The records:
◆ ◆ ◆

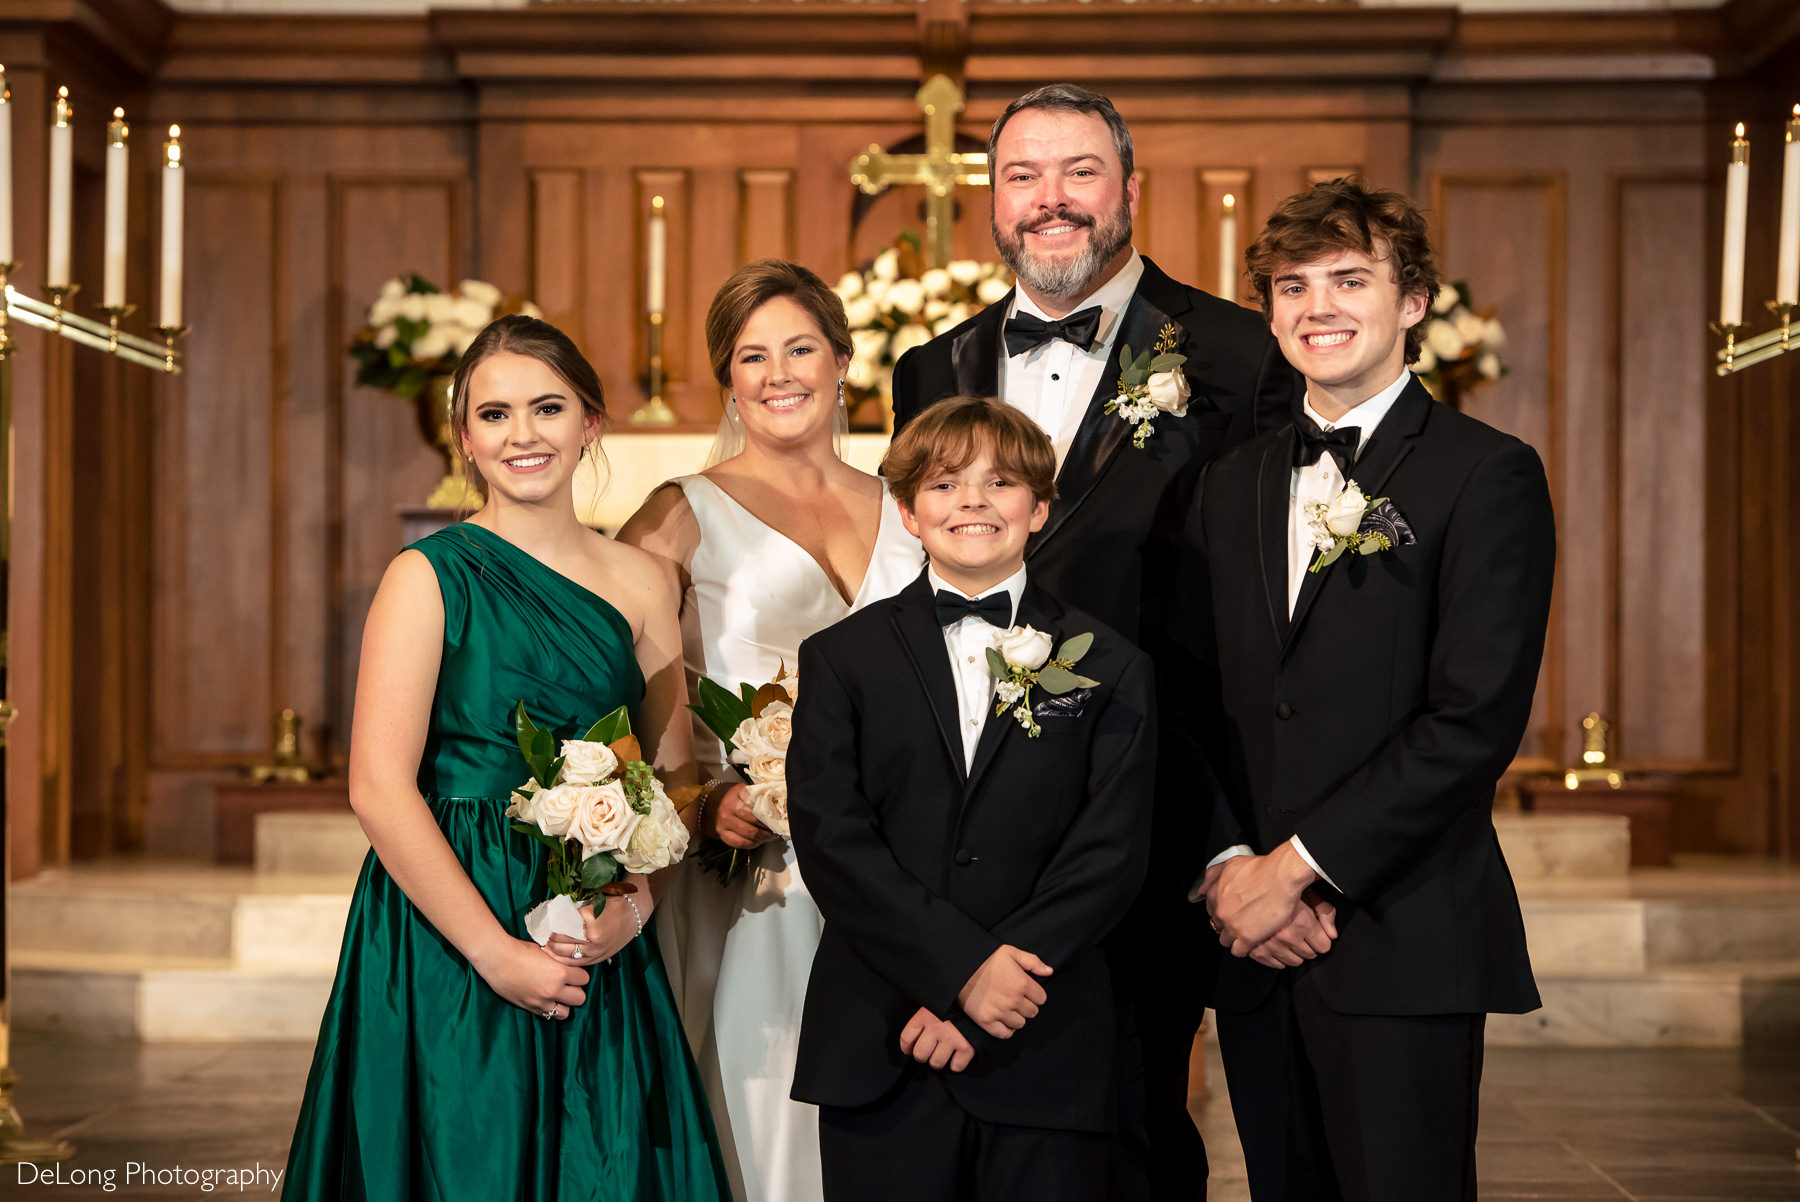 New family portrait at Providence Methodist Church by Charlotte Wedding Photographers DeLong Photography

◆ ◆ ◆

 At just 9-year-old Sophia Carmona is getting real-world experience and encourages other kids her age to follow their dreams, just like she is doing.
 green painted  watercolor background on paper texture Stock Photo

◆ ◆ ◆

Description of the task: For this exercise, repeat exactly the lines of the data above from the one with "At just 9-year-old" down to the one with "texture Stock Photo", both end lines included.

Answer for the task:
 At just 9-year-old Sophia Carmona is getting real-world experience and encourages other kids her age to follow their dreams, just like she is doing.
 green painted  watercolor background on paper texture Stock Photo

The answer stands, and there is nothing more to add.